Data excerpt:
***

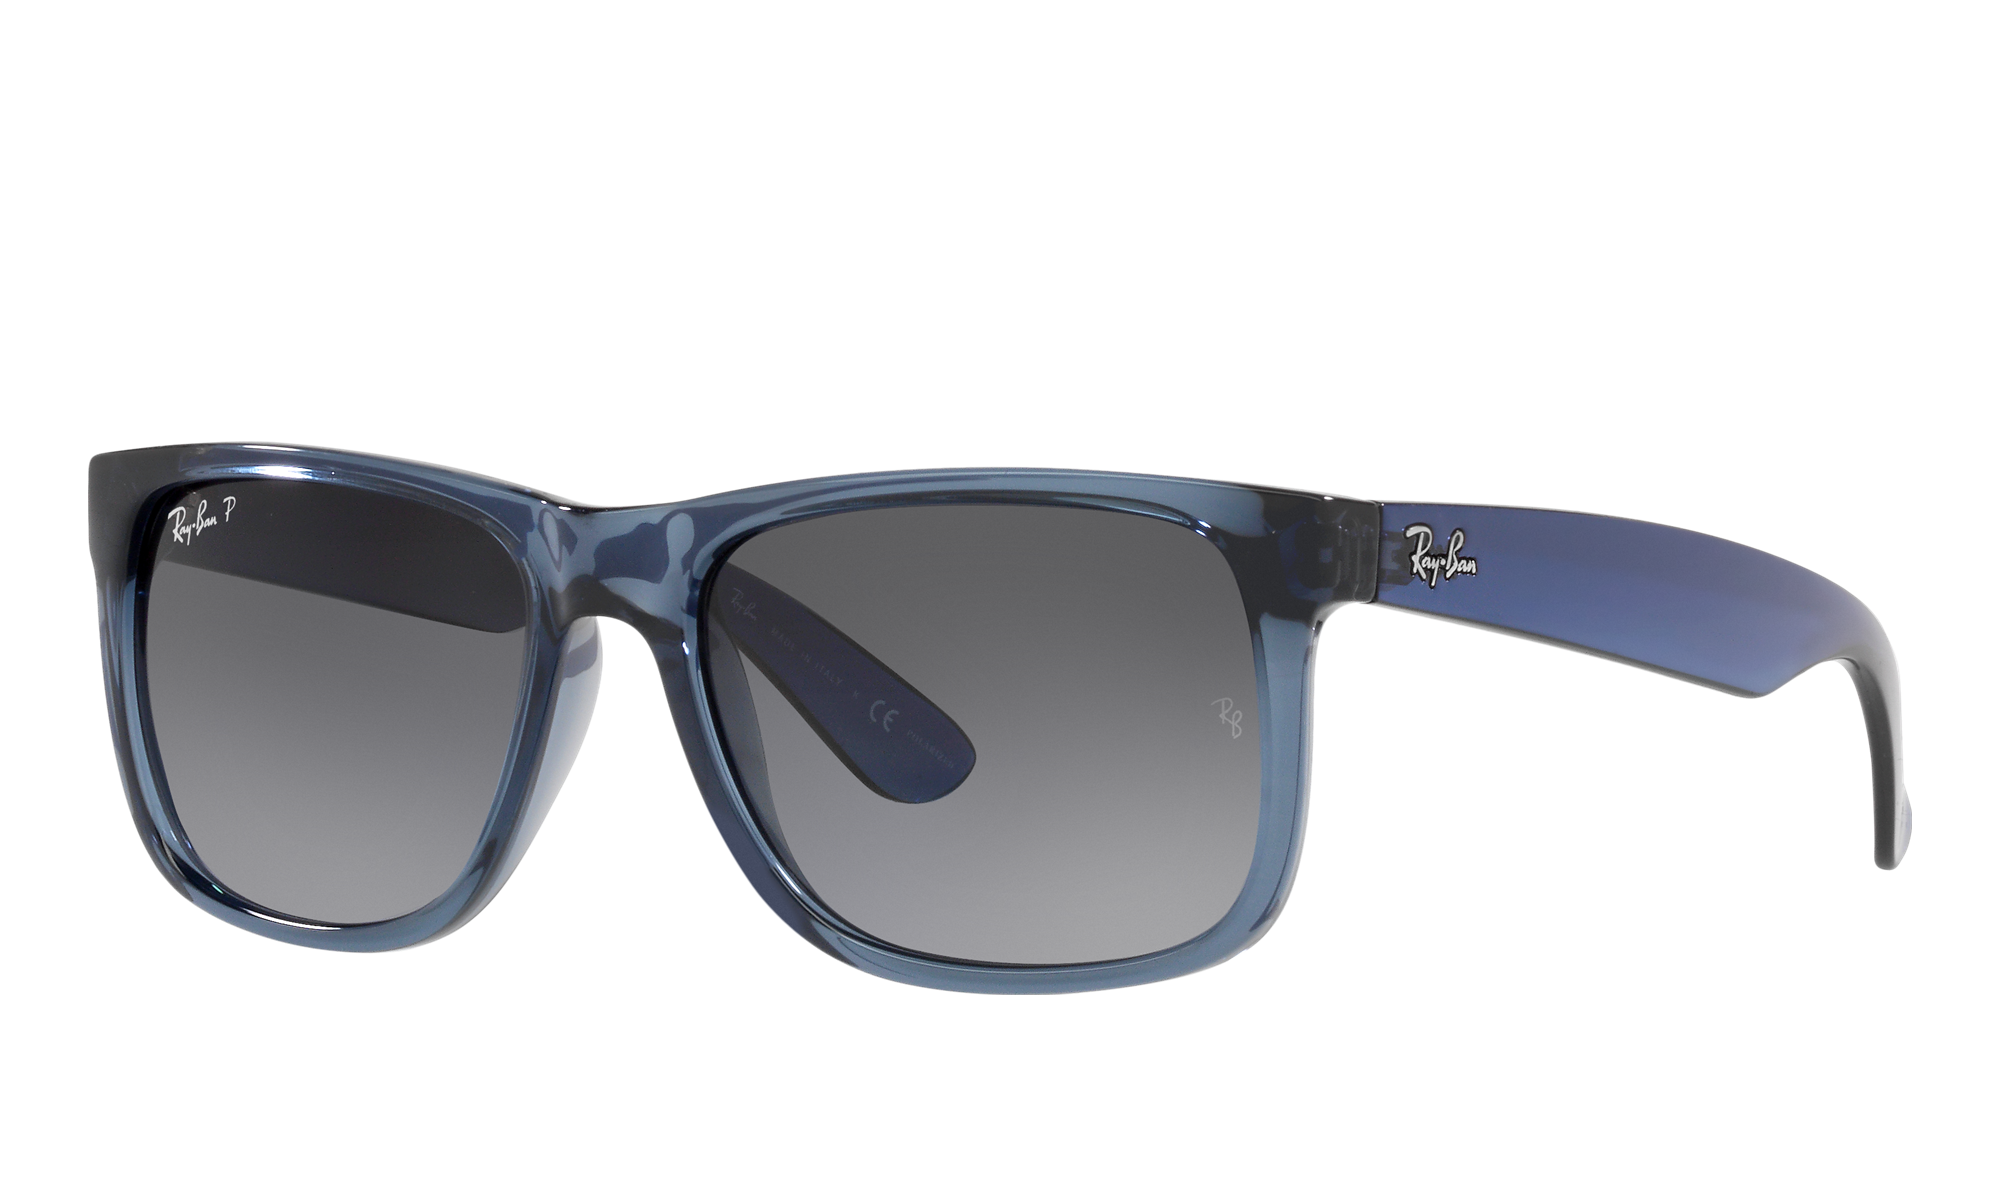 Ray-Ban Unisex Rb4165 Transparent Blue Size: Small
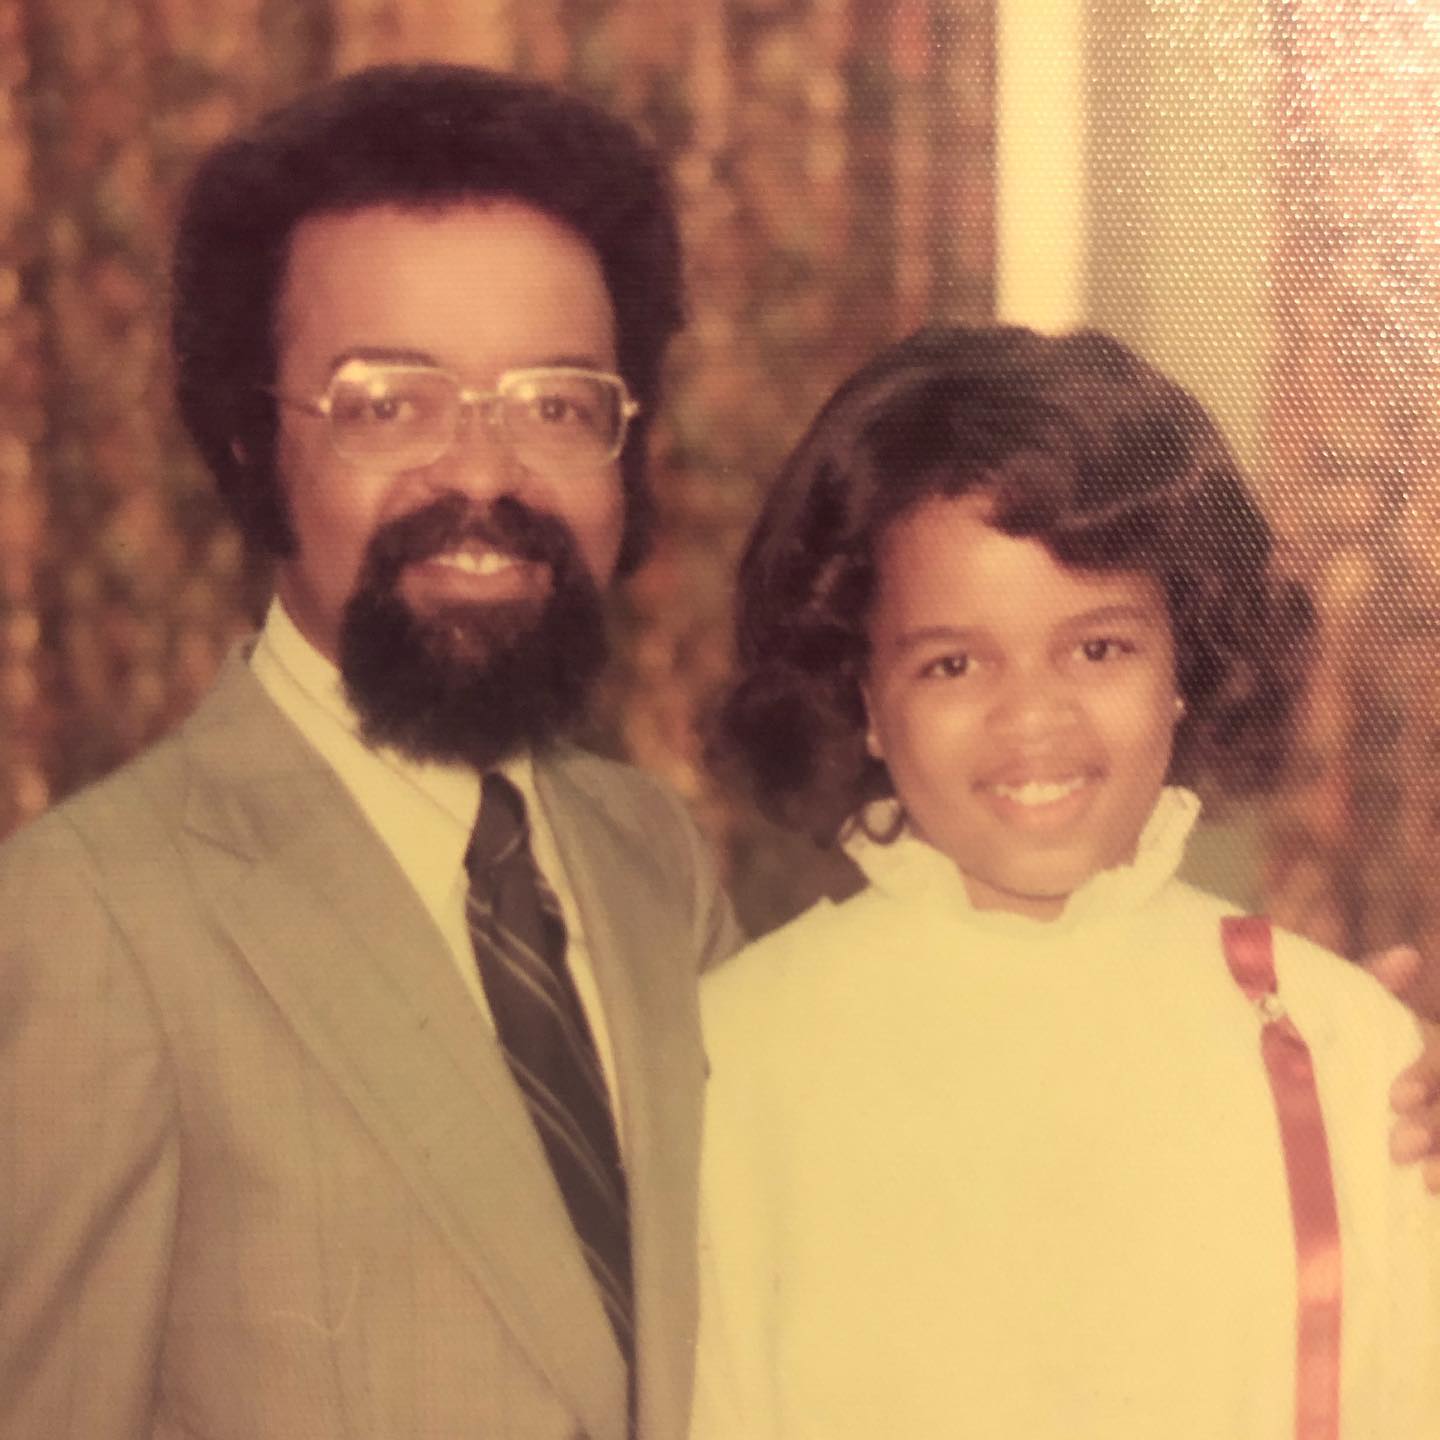 Paula Newsome with her late father, Max Donald Newsome, during her childhood
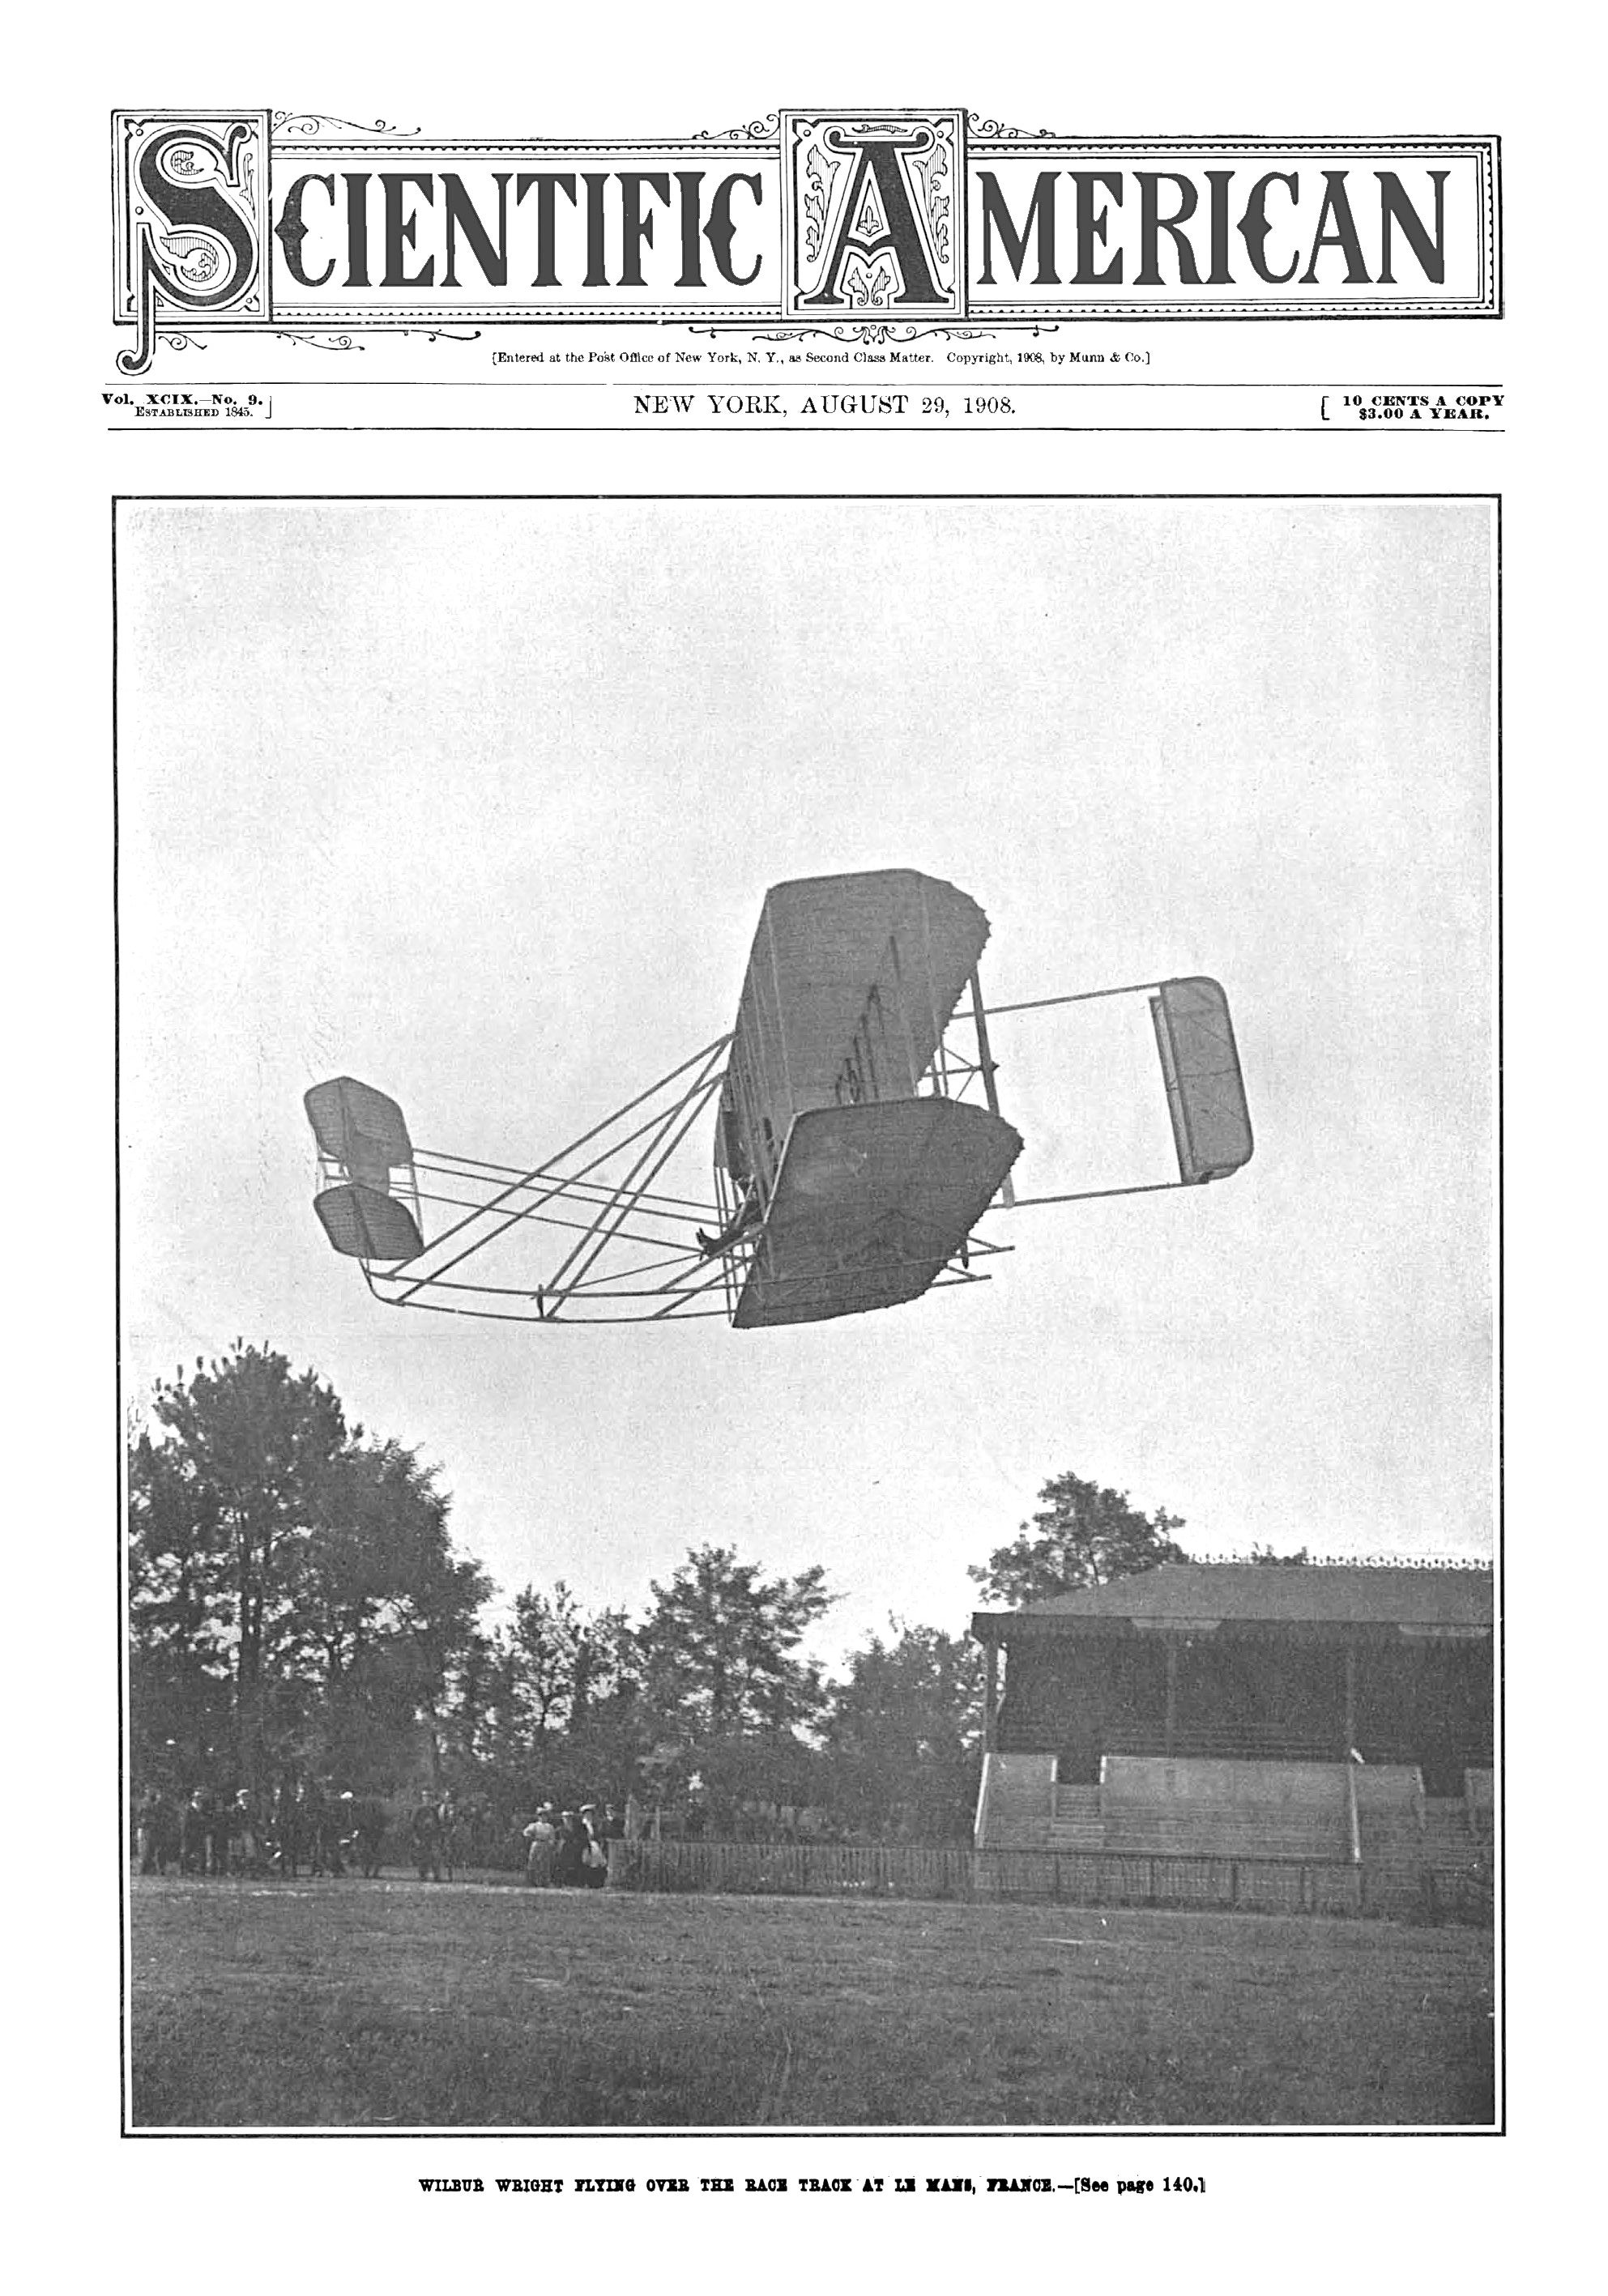 Wilbur Wright demonstrates the Wright's mastery of the airplane in August 1908.

***

Exercise goal: Give back the listing exactly, with the pictures removed.

Response for this exercise:
 Ray-Ban Unisex Rb4165 Transparent Blue Size: Small
 Paula Newsome with her late father, Max Donald Newsome, during her childhood
 Wilbur Wright demonstrates the Wright's mastery of the airplane in August 1908.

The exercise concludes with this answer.